Comment avez-vous travaillé avec ces jeunes comédiens ?

Pour le personnage de la petite fille, on a beaucoup travaillé sur le corps avec Marie Rousselle-Olivier. Au moment où j’ai écrit, ma fille avait l’âge du personnage. Marie venait à la maison le soir et observait ses positions et sa façon de bouger sans cesse. On a cherché aussi un regard qui exprime l’étonnement et la curiosité. Nous avons fait beaucoup d’improvisations en recherchant une interaction entre les corps et la scénographie. Cette façon de travailler, avec du temps, se voit au résultat : on a cousu sur les acteurs, comme un tailleur qui fait du sur mesure.

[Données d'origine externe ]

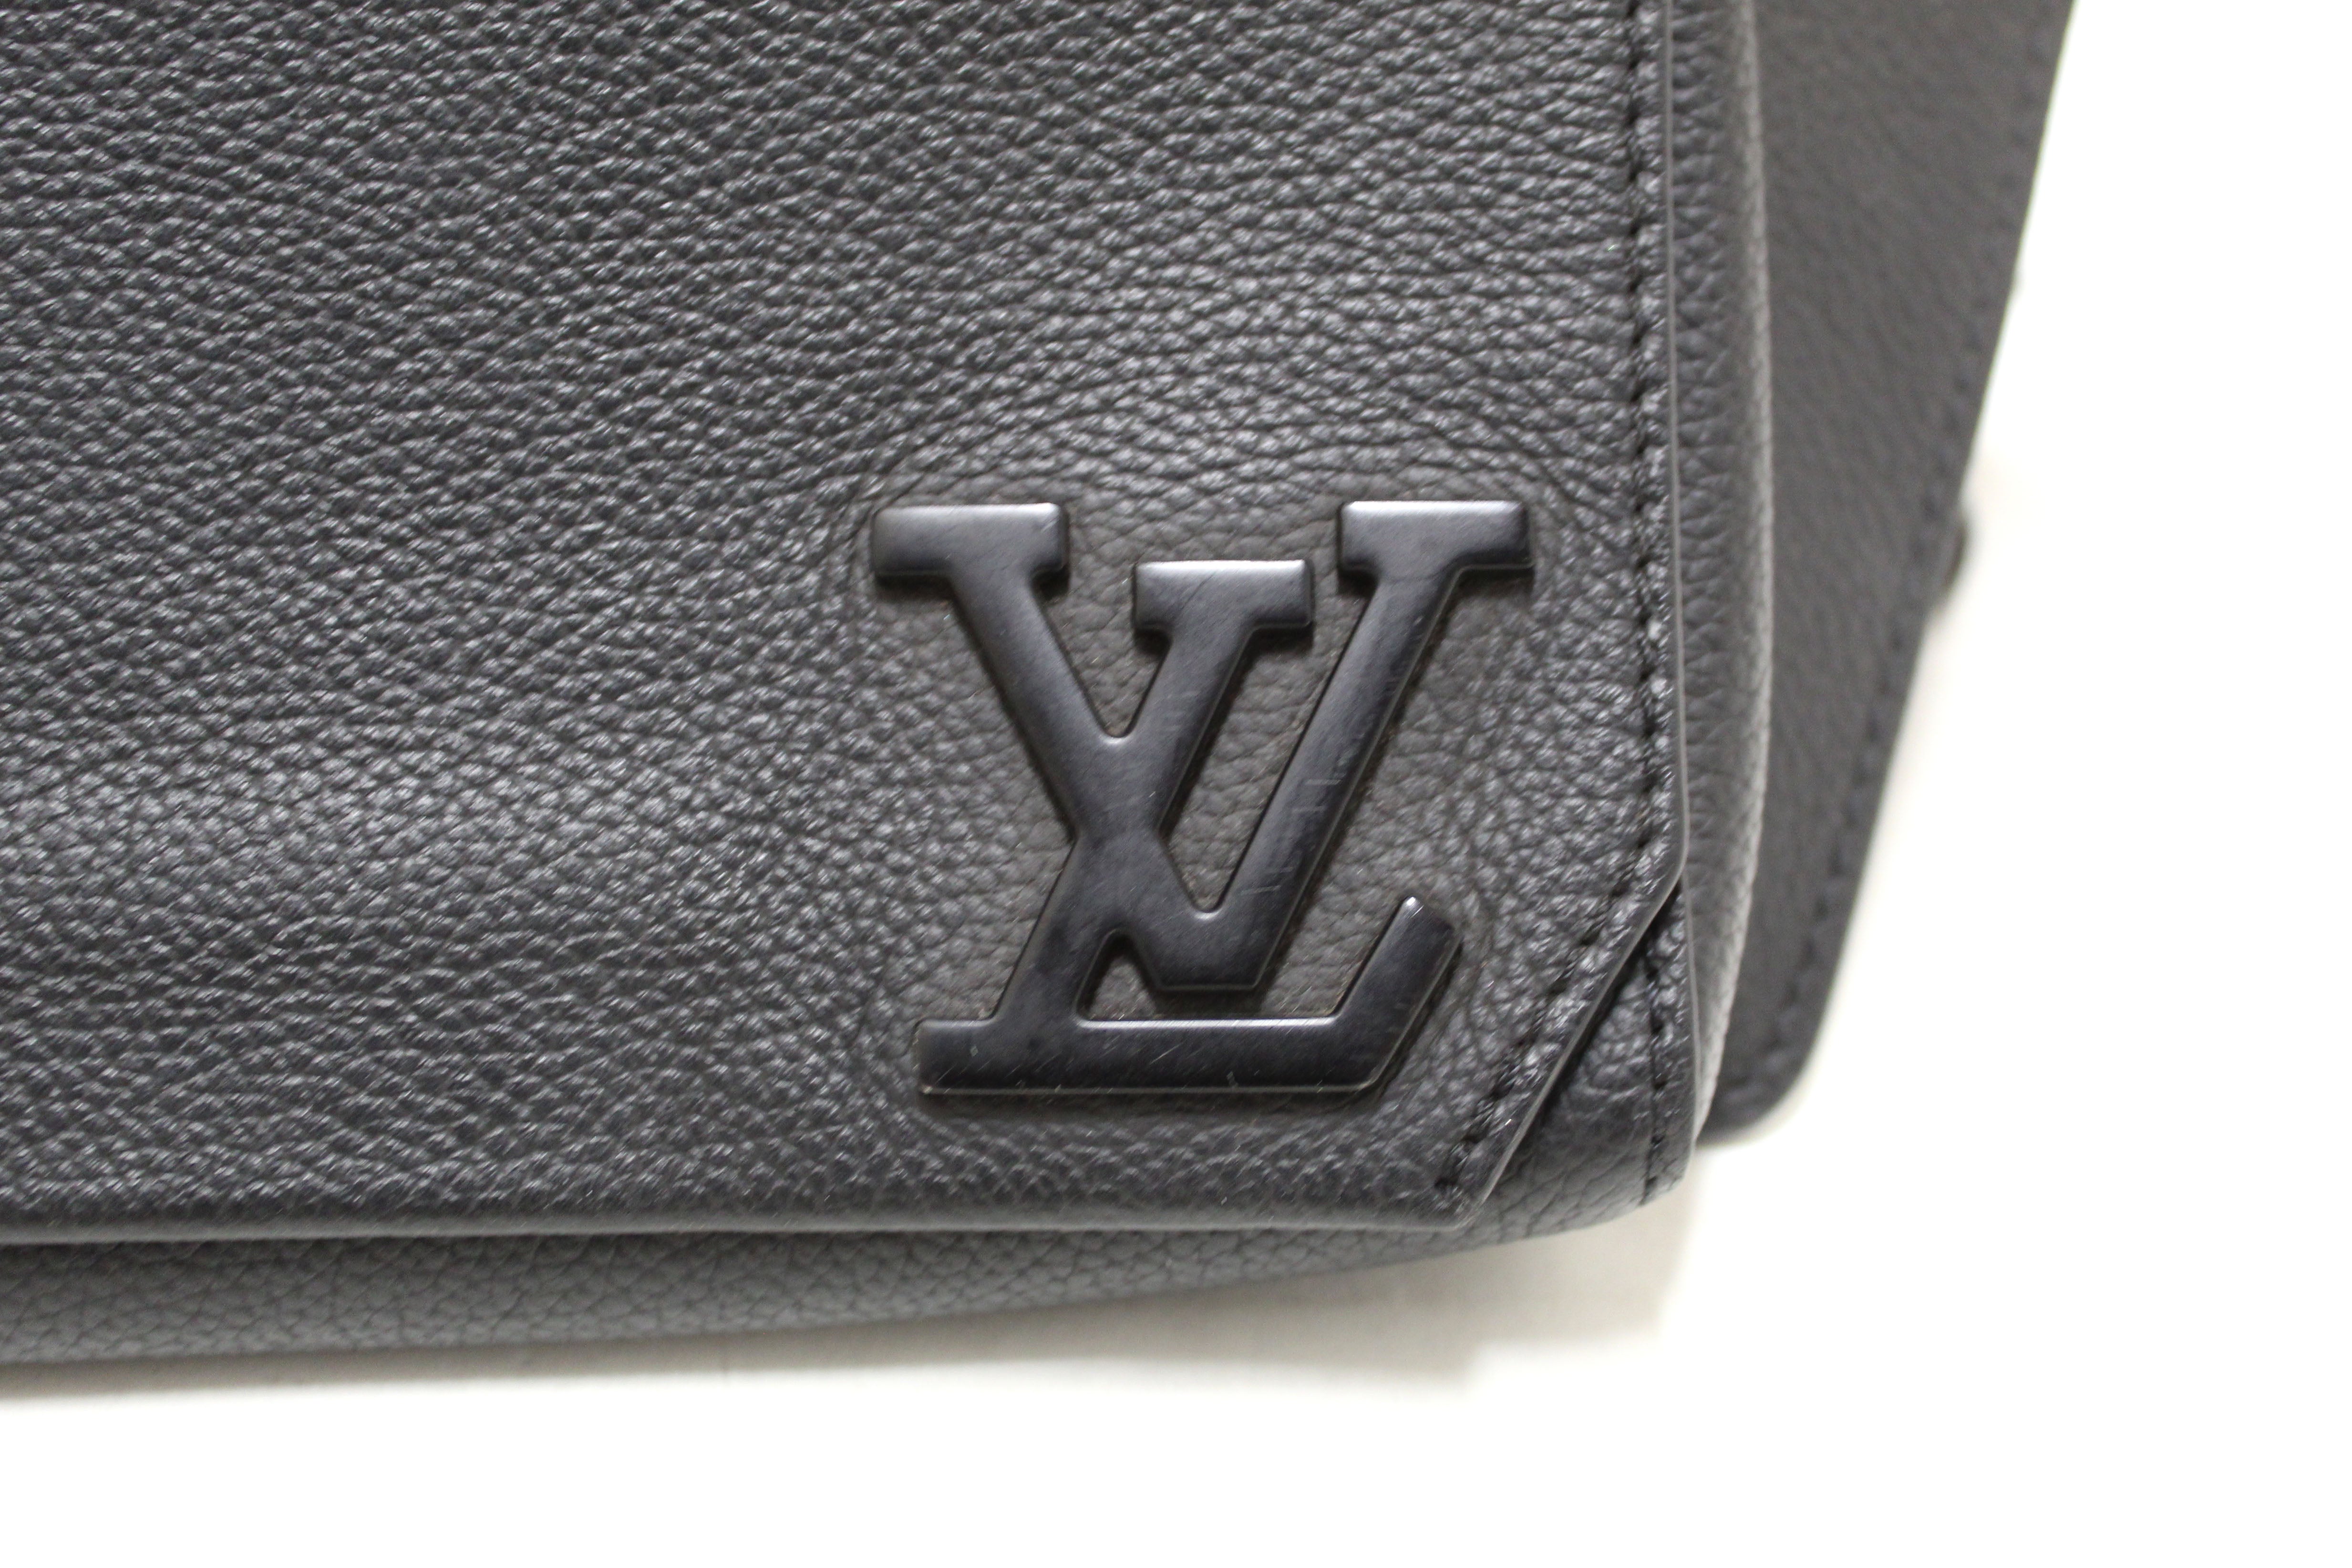 Authentic Louis Vuitton Black Leather Takeoff Sling Bag – Paris
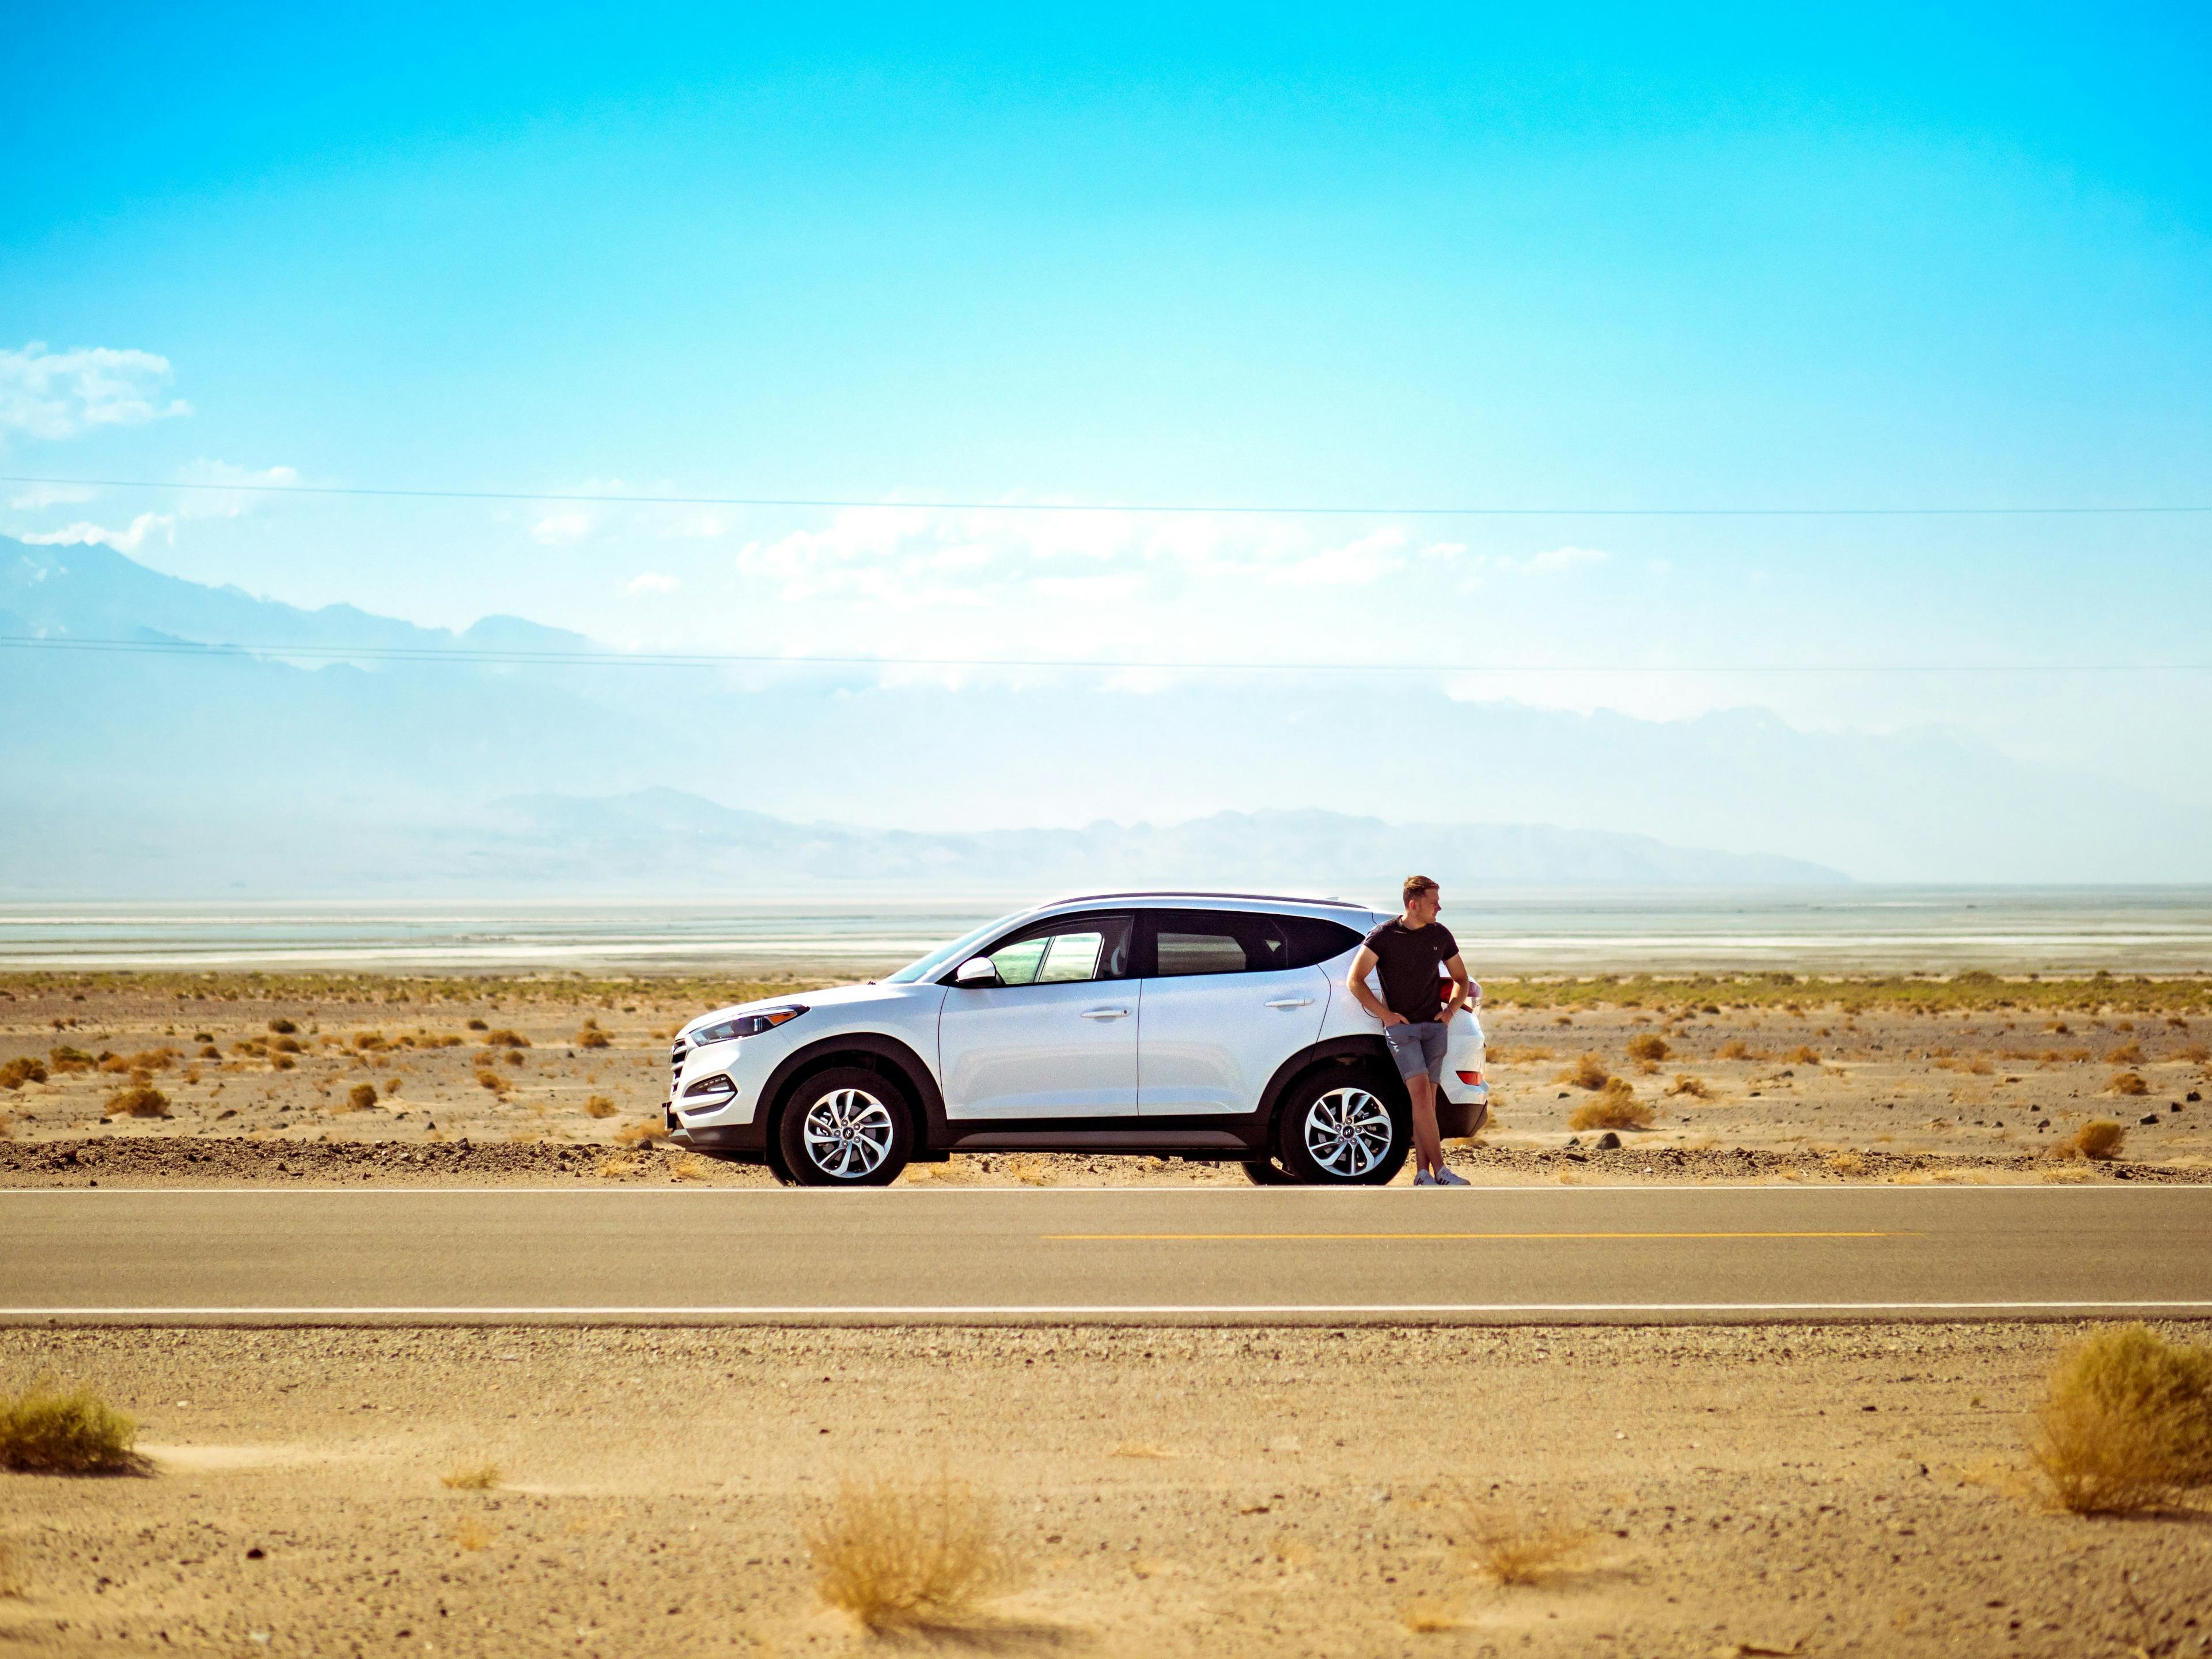 En mann ute i ørkenen med sin hvite bil etter at han tok et fleksibelt forbrukslån.

Dans Variations Amoureuses, la scénographie était déterminante. Ce dispositif de poutres, ce labyrinthe qui peut faire penser au parc de jeux de leur enfance, crée une tension entre les personnages. Ils sont toujours en jeu, tout le temps en train de se regarder. Ils ne peuvent pas aller facilement vers l’autre, ils doivent vraiment le décider. Je voulais que les corps soient très tenus sur ces poutres et que par moments ils lâchent.

Je suis féministe dans mon engagement de société et je trouve important de revendiquer ce terme mais je ne fais pas du théâtre militant.
 

Ce diptyque est-il un projet féministe ?

Je ne me définis pas comme une autrice féministe. Je suis féministe dans mon engagement de société et je trouve important de revendiquer ce terme mais je ne fais pas du théâtre militant. Ce qui m’intéresse, c’est la complexité, l’ambiguïté. Le personnage de Perdican me passionne autant que ceux des jeunes filles. Peut-être est-il un peu plus mystérieux pour moi et me séduit-il même plus, en raison de son altérité. Même chose pour le loup : j’ai un regard de tendresse envers lui, il m’émeut beaucoup. Les hommes me bouleversent. Ils ont beaucoup plus de facilités dans la société mais on les met à une place tellement centrale, qu’ils passent leur vie à courir après la reconnaissance et à être déçus, et en souffrance. En réalité, le féminisme traverse ce que je fais en tant qu’humanisme.

Propos recueillis par Olivia Burton en mars 2019.